Money from desktop GNU/Linux is another matter. While selling PCs with GNU/Linux is one way to make money from GNU/Linux, there are others:
- install GNU/Linux on desktops
- sell ads on pages served to desktops
- maintain GNU/Linux desktops
- write software or generally use GNU/Linux desktops for work/productivity (in most situations this will be a winner for desktops)
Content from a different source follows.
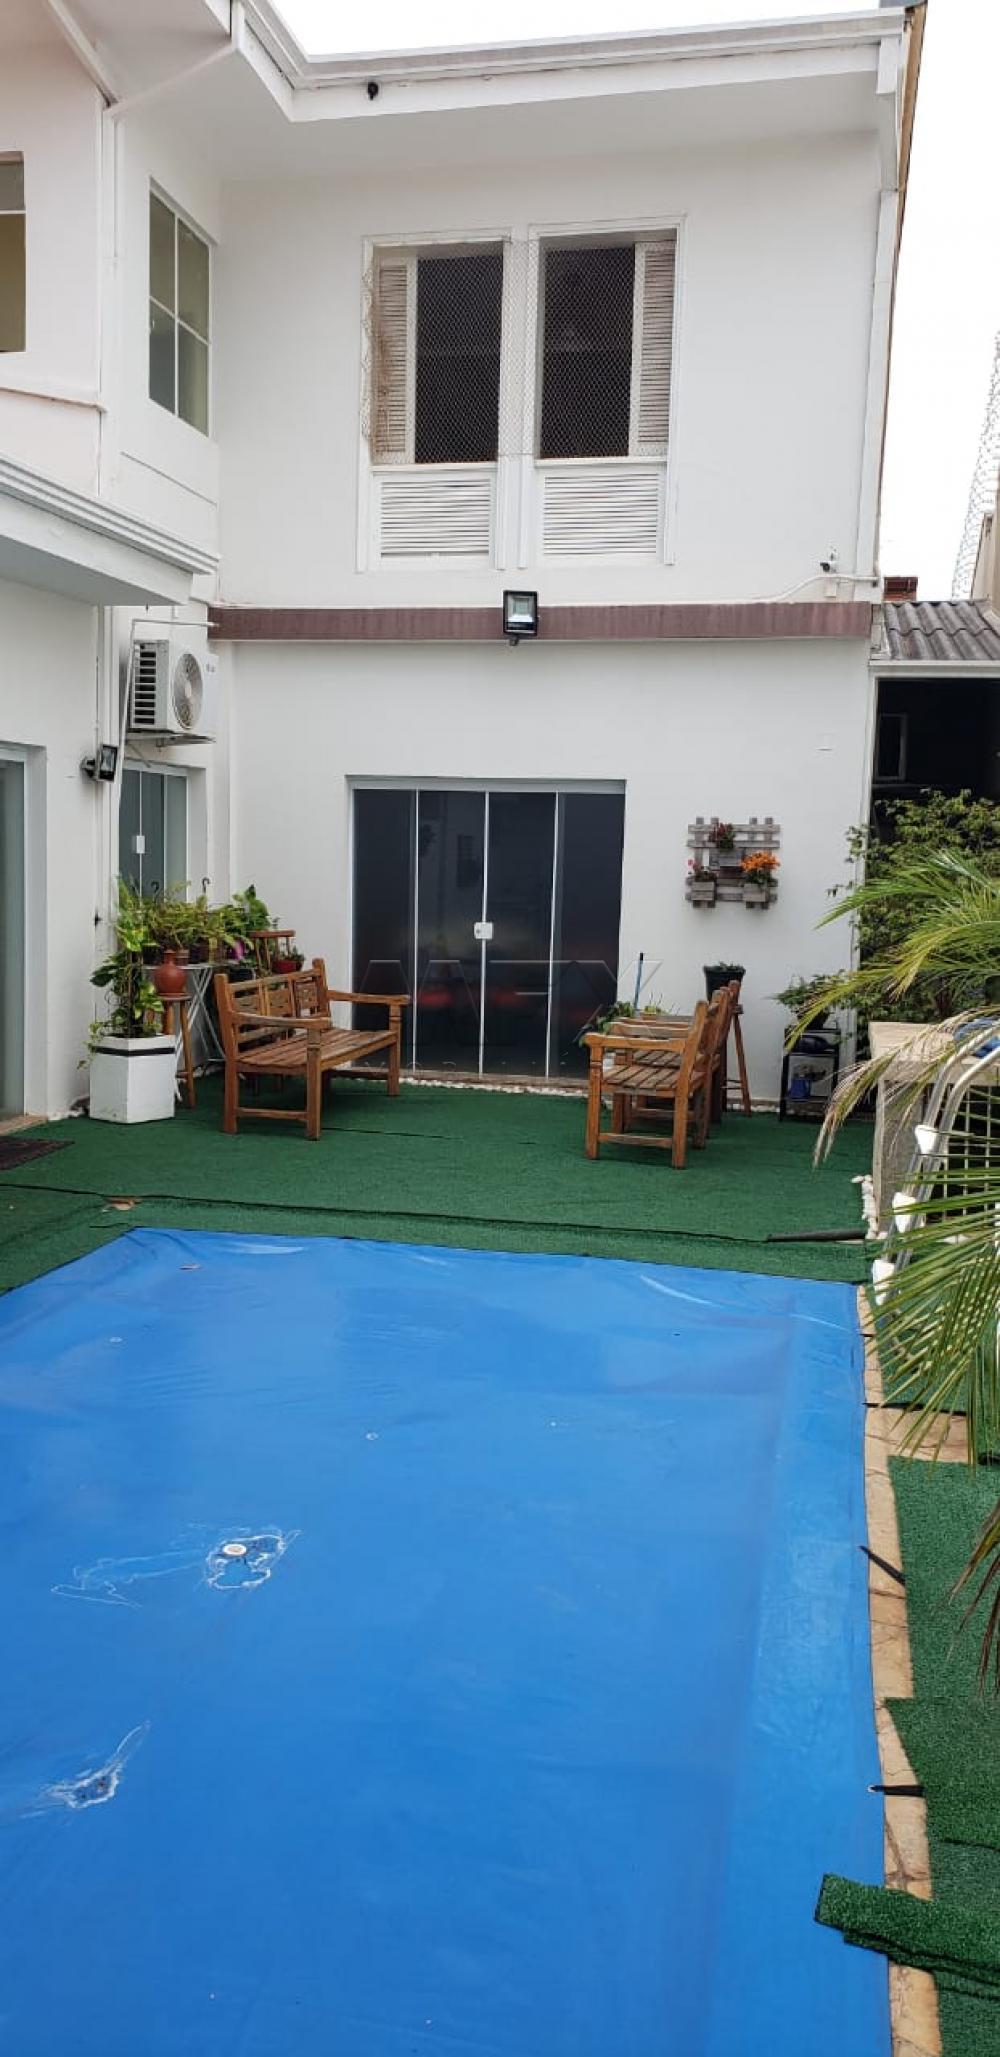 Comprar Casa / Sobrado em Bauru apenas R$ 1.100.000,00 - Foto 3
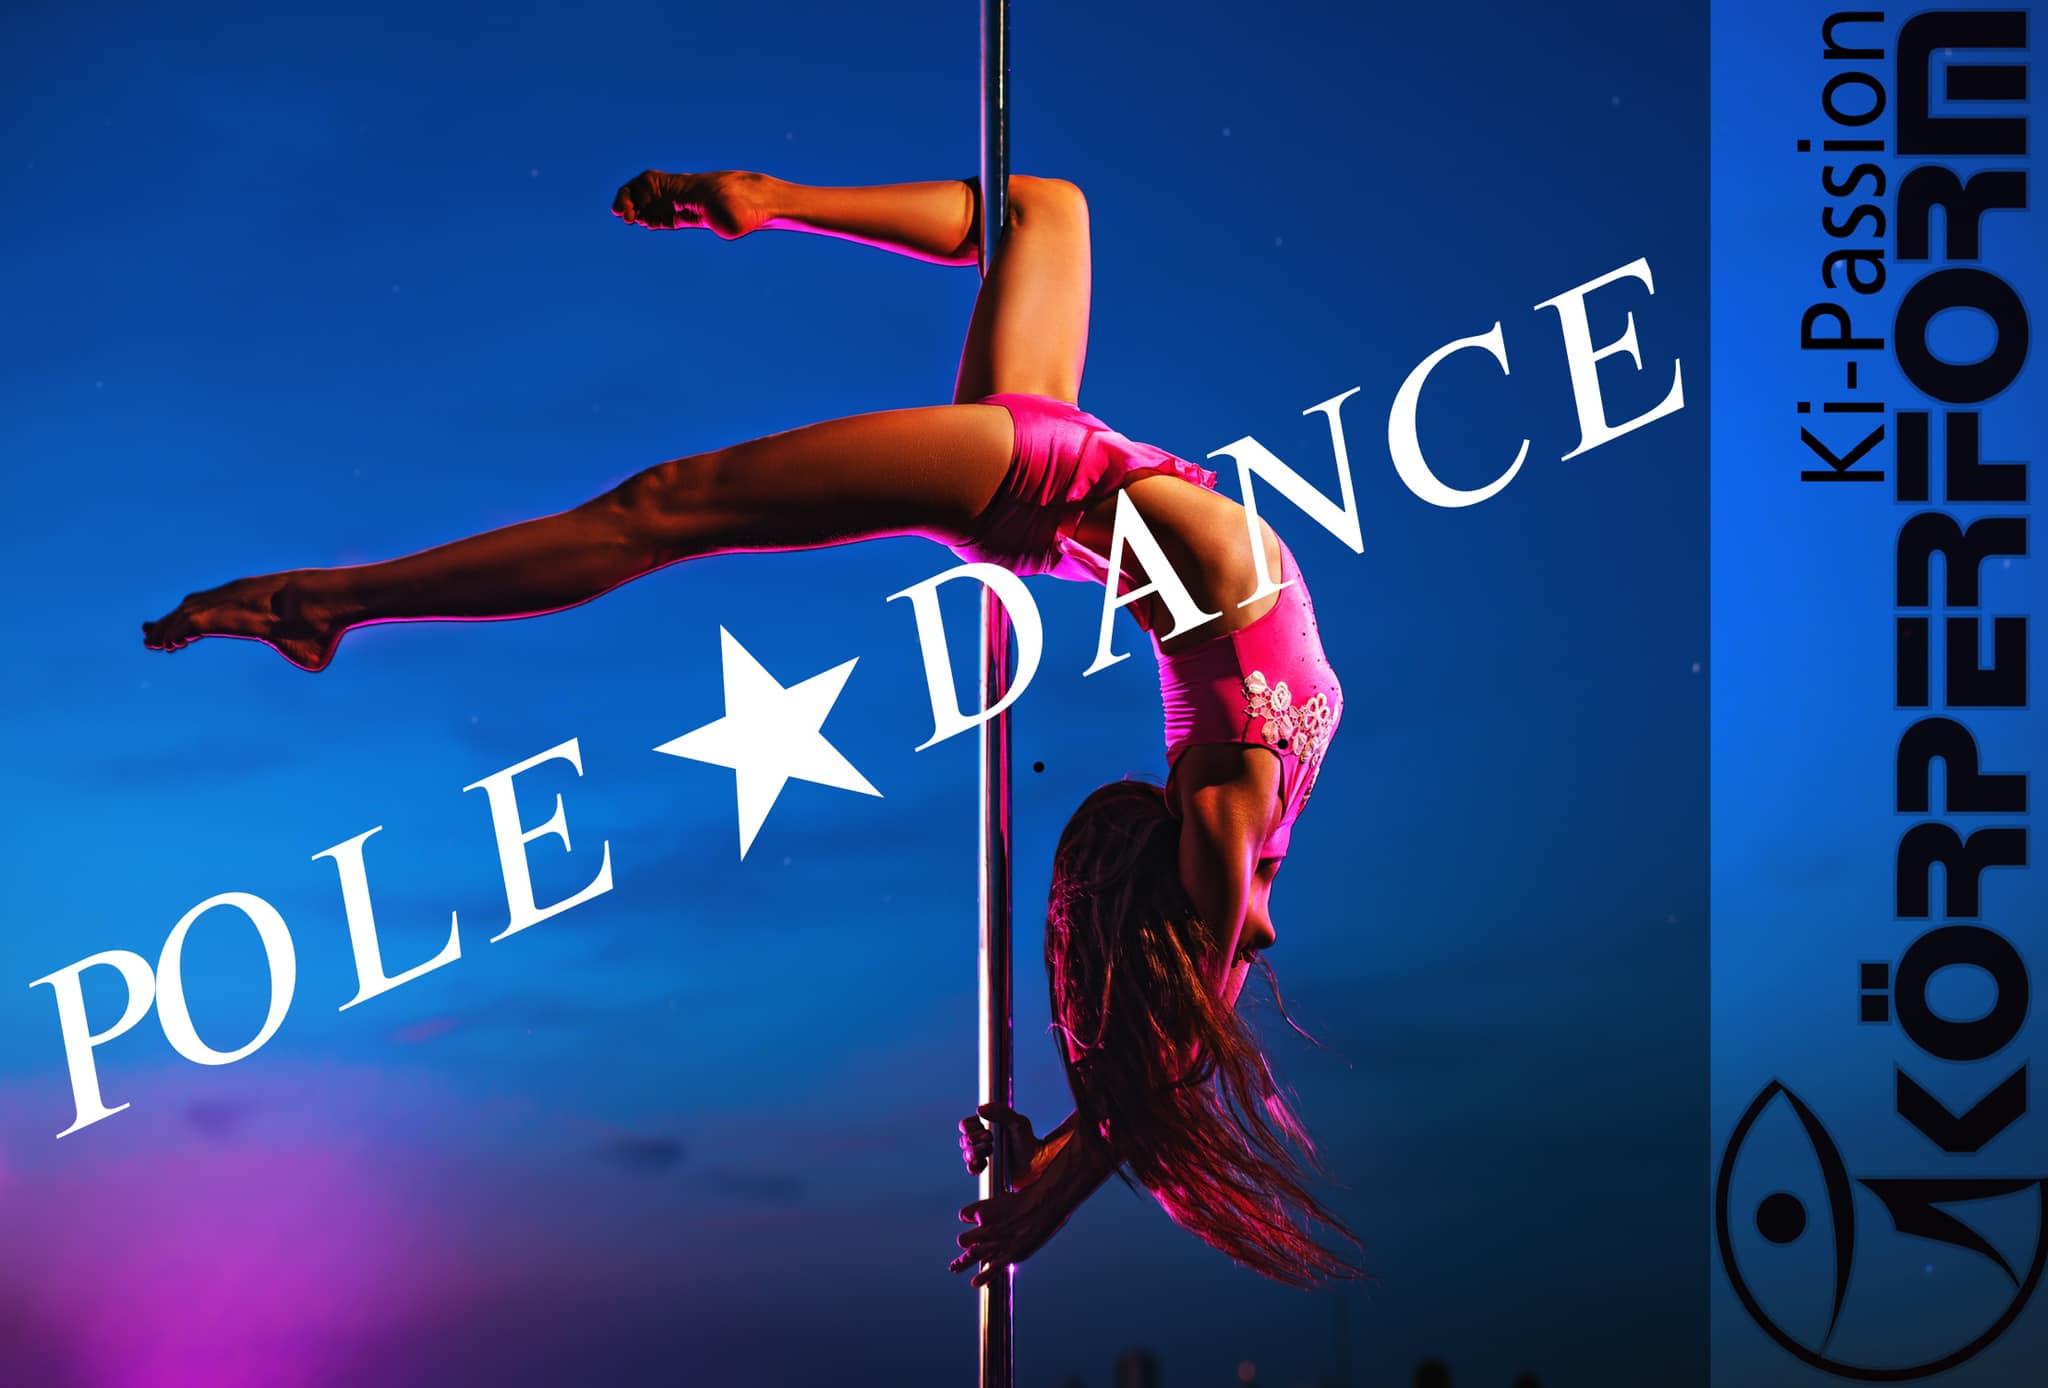 Pole Dance - Pole Sport

Because RedHat and Ubuntu may not see desktop GNU/Linux as a hotspot will not make it go away. It is easier to make money in hot areas like smart-thingies but Ubuntu would be very foolish to abandon the desktop. I think Linton is wrong about that. Mark Shuttleworth may be somewhat bold but he is no fool. If Ubuntu does go –>Unity–>Wayland they will make sure the desktop is well maintained. Wayland is quite compatible for the desktop especially for video/high-end graphics. For that purpose it does not need to work on every piece of hardware out there, just the ones most likely used for such work. The market will sort that out but I can envisage each hardware maker of graphics interfaces producing a product line with a driver for Wayland. The rest of the desktop world can run X, perhaps in a virtual machine running on top of Wayland somehow. The details will be sorted out.
The killer reason why the desktop and X will not die any time soon is that thin client technology is making its move. Even that other OS gets that. GNU/Linux will have to manage thin clients very well. For that purpose Wayland is irrelevant. X and variations on X do the network stuff quite well and are constantly improving. GNU/Linux will be able to run on everything for the short and long term. Ubuntu is not going to abandon the desktop. If it does other distros will take up the slack.